Long-Term Value over Short-Term Gains

The findings from my research not only inform management practices but also affect investment strategies. Many investors believe that ethical investing necessitates sacrificing returns, but the data indicates otherwise. The Parnassus Endeavor Fund, for example, employs a strategy focused on employee well-being and has outperformed the market by 4% annually since its inception.

Investors often look at easily measurable financial metrics but should be aware of the qualitative aspects that contribute to a company’s long-term value. Corporate culture, customer loyalty, and innovative capability are among the crucial factors that financial statements may overlook.

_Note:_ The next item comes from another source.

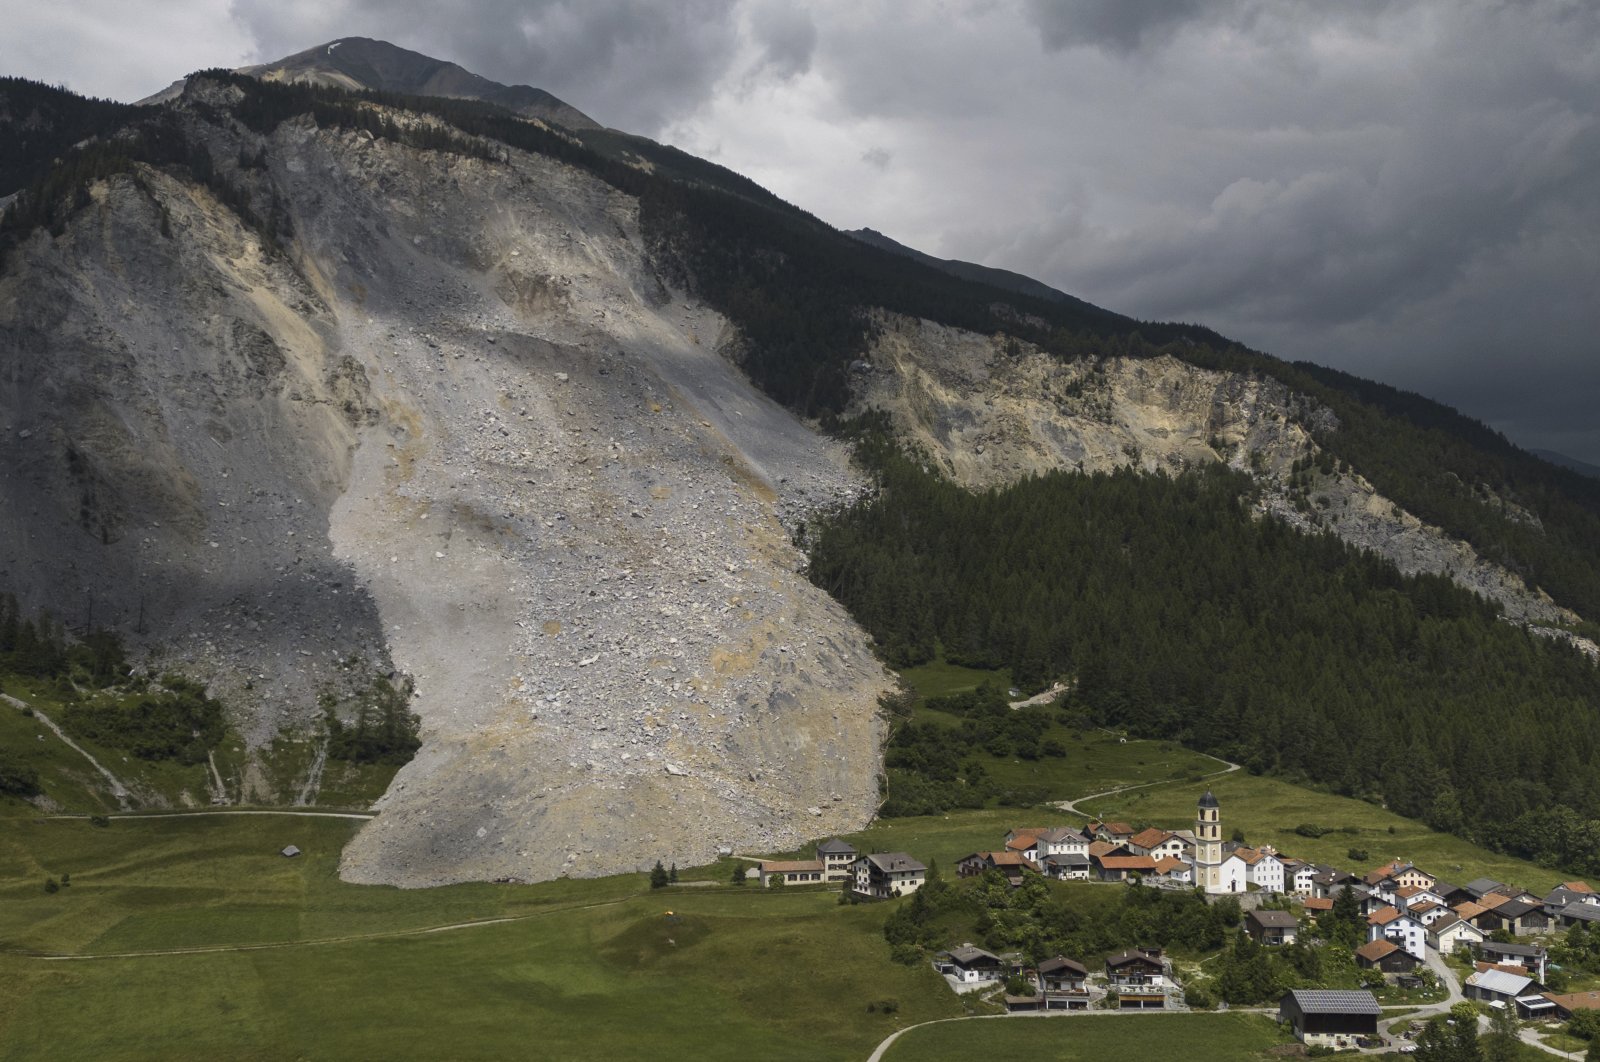 Longsor batu besar nyaris lolos dari desa Swiss yang dievakuasi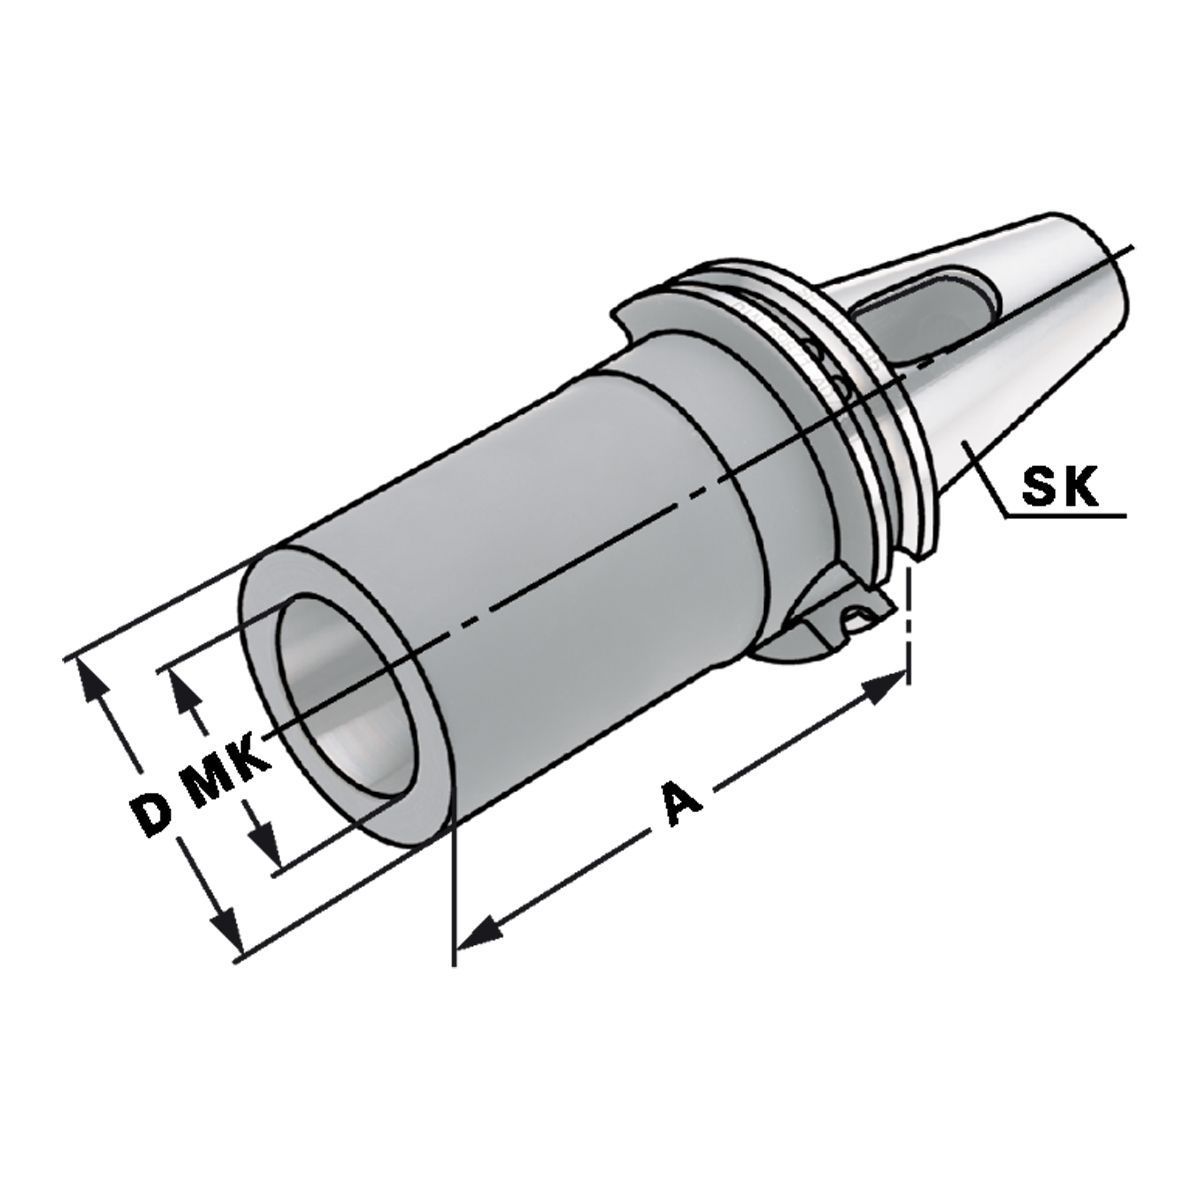 Zwischenhülse SK 50-2-117 für MK mit Austreibelappen DIN 6383

The Future of Ethical Investment

As the market continues to favor short-term gains, it remains vital to consider long-term outcomes. Investing in companies dedicated to employee well-being may initially appear costly but yields greater benefits over time. Iconic firms like Unilever have shifted their focus to long-term sustainability, which has led to consistent dividend growth every year since 1967.

The resounding answer to the question of a business's existence is nuanced: it is both to earn profits and to serve a purpose. Businesses can achieve long-term profit by pursuing purposeful goals, ultimately leading to healthier partnerships with all stakeholders involved.

Conclusion: The Interconnectedness of Purpose and Profit

In conclusion, businesses exist not in a vacuum but rather in an intricate web that binds profit motives with social responsibility. By fostering a corporate culture that values employee welfare and societal contributions, organizations can unlock pathways to sustained profitability, demonstrating that purpose and profit go hand in hand.